Dual Protecting Mechanism For Multitier Web Application

C. Preethi R. Ramesh

Assistant Professor,Department of CSE Assistant Professor,Department of CSE Veerammal Engineering College Veerammal Engineering College

Dindigul,Tamilnadu Dindigul,Tamilnadu

AbstractWeb application is an application that is accessed over a network such as the Internet. They are increasingly used for critical services, In order to adopt with increase in demand and data complexity web application are moved to multitier Design. As web servers must be publicly available around the clock the server is an easy target for outside intruders. Thus web applications are become a popular and valuable target for security attacks. These attacks have recently become more diverse and attention of an attacker have been shifted from attacking the front-end and exploiting vulnerabilities of the web applications in order to corrupt the back-end database system. In order to penetrate their targets, attackers may exploit well known service vulnerabilities. To protect multitier web applications several intrusion detection systems has been proposed. An intrusion detection system (IDS) is used to detect potential violations in database security. In every database, some of the attributes are considered more sensitive to malicious modifications compared to others.
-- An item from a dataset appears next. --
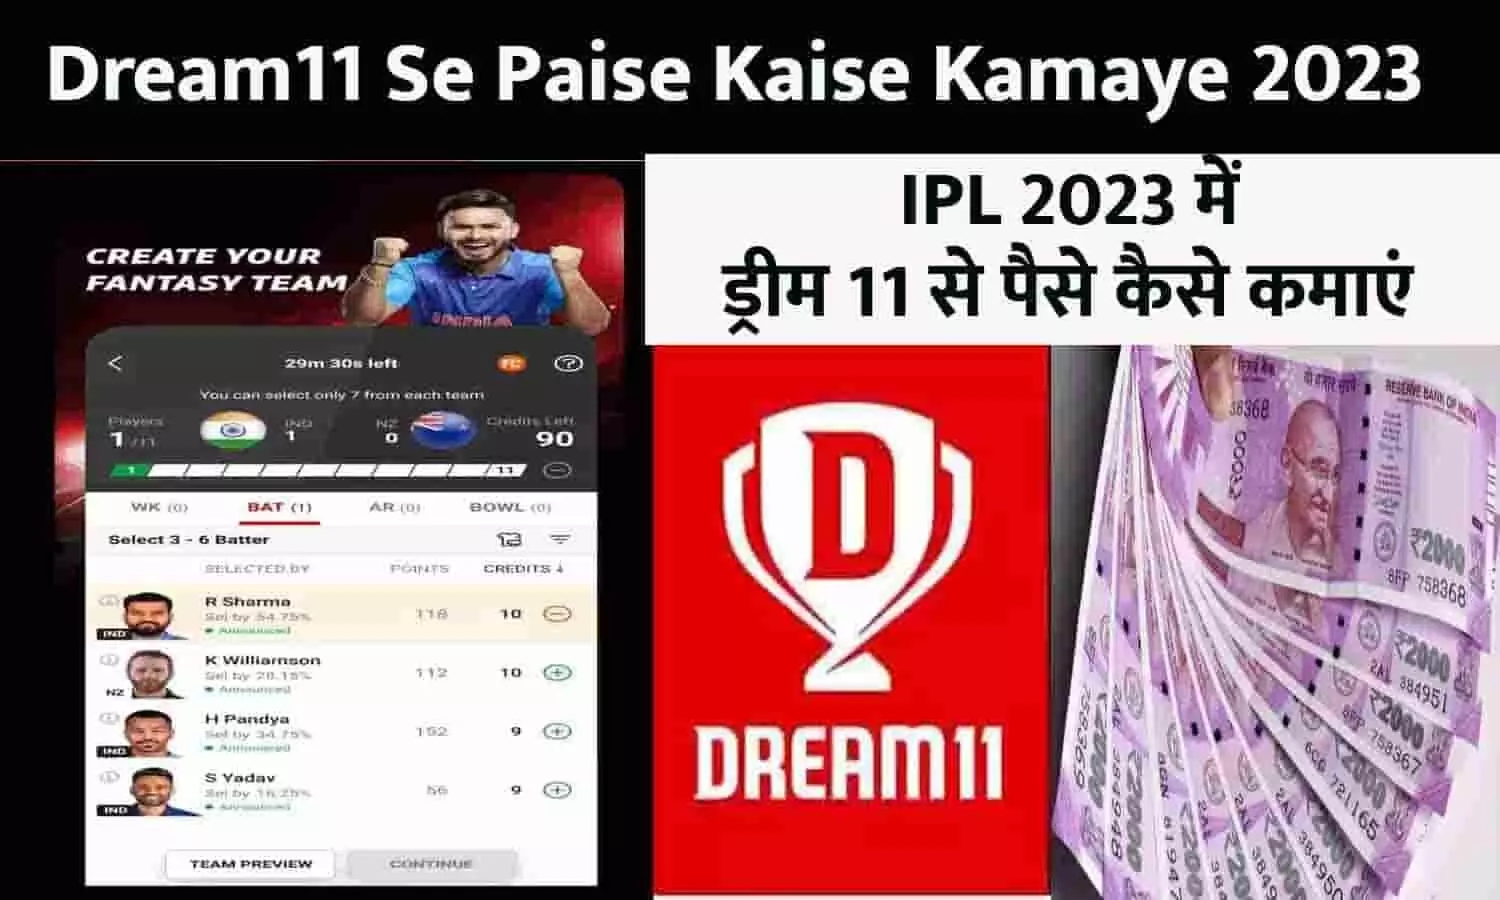 Dream11 Se Paise Kaise Kamaye 2023: IPL 2023 में ड्रीम 11 से पैसे कैसे कमाएं, ये है बेहतरीन Idea

Keywords Light weight virtualization, Anomaly Intrusion detection, Container

1. Introduction

   Intrusion detection plays one of the key roles in computer system security techniques .An intrusion detection system (IDS) is a device or software application that monitors network or system activities for malicious activities or policy violations and produces alerts. There are two general approaches to intrusion detection: anomaly detection and misuse detection. A signature based IDS works similar to anti-virus software. It employs a signature database of well-known attacks, and a successful

   match with current input raises an alert. Similarly to anti-virus software, which fails to identify unknown viruses a signature-based IDS fails to detect unknown attacks. To overcome this limitation, researchers have been developing anomaly- based IDSs.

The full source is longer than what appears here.